A Long/Short ETF For The Election Outcome
With market volatility here on the back of Donald Trump's 2016 presidential election victory, the world of exchange-traded funds is here to oblige investor concerns. That includes long/short funds such as the WisdomTree Dynamic Long/Short U.S. Equity Fund (NYSE:DYLS).
The WisdomTree Dynamic Long/Short U.S. Equity Fund, as its name implies, features both long and short equity positions. That new ETF's long positions are comprised of 100 large- and mid-cap companies that meet certain growth and value criteria. DYLS weights those according to their volatility traits. The new ETF's short equity positions include the largest 500 U.S. companies, weighted by market capitalization, designed to act as a market risk hedge, according to WisdomTree.
Market Neutrality
Currently, DYLS and its underlying index are market neutral, a safe position to take given the potential for equity market volatility following this election. Gold and not much else have been cited as possible beneficiaries of Republican Donald Trump emerging victorious.
Near-Term Safe Haven
Again, DYLS could prove to be an especially useful idea over the near-term because some investors believe there are limited scenarios in which stocks stage a legitimate post-election rally.

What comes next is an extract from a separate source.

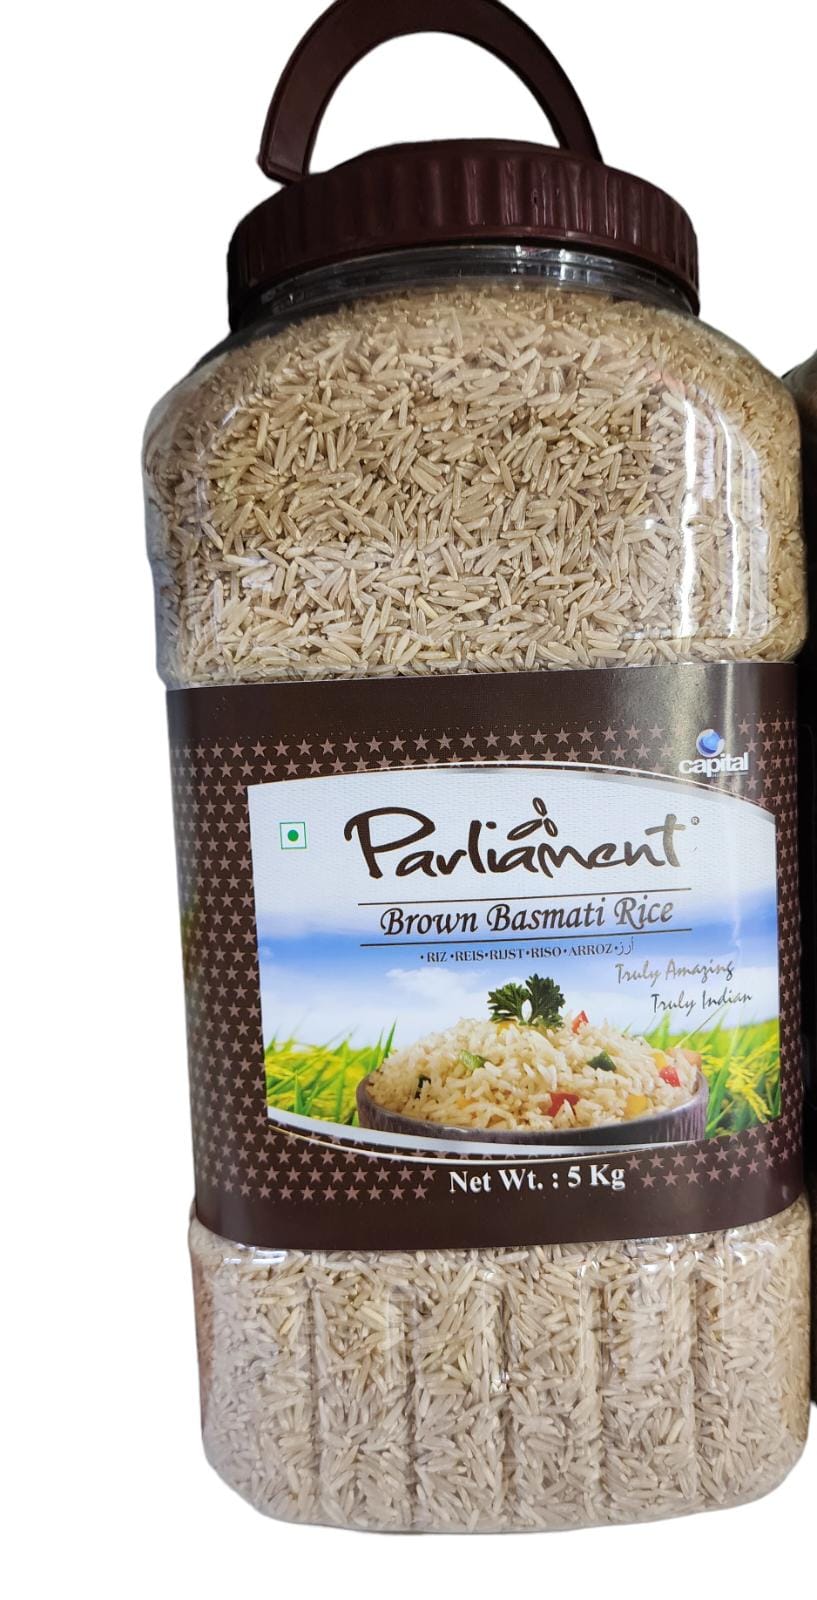 Parliament Brown Basmati Rice 5kg

Betting odds through late last week still suggested the more probable outcome was that Hillary Clinton would win and that the House would stay in Republican hands, said WisdomTree Chief Investment Strategist Luciano Siracusano in a recent note. This is, I believe, the only scenario in which stocks rally between now and the end of the year. Put another way, a President-elect Clinton could provide some post-election relief coupled with expectations that not much will change in a gridlocked Washington.
The quality or growth indicator derived from trends in operation margins (operating income divided by sales), net margins (net income dividend by sales) and ratios of operating cash flow to operating income moved from positive in September to negative for the month of November. The deterioration in fundamentals was great enough to generate a 0 percent net equity exposure signal, added Siracusano.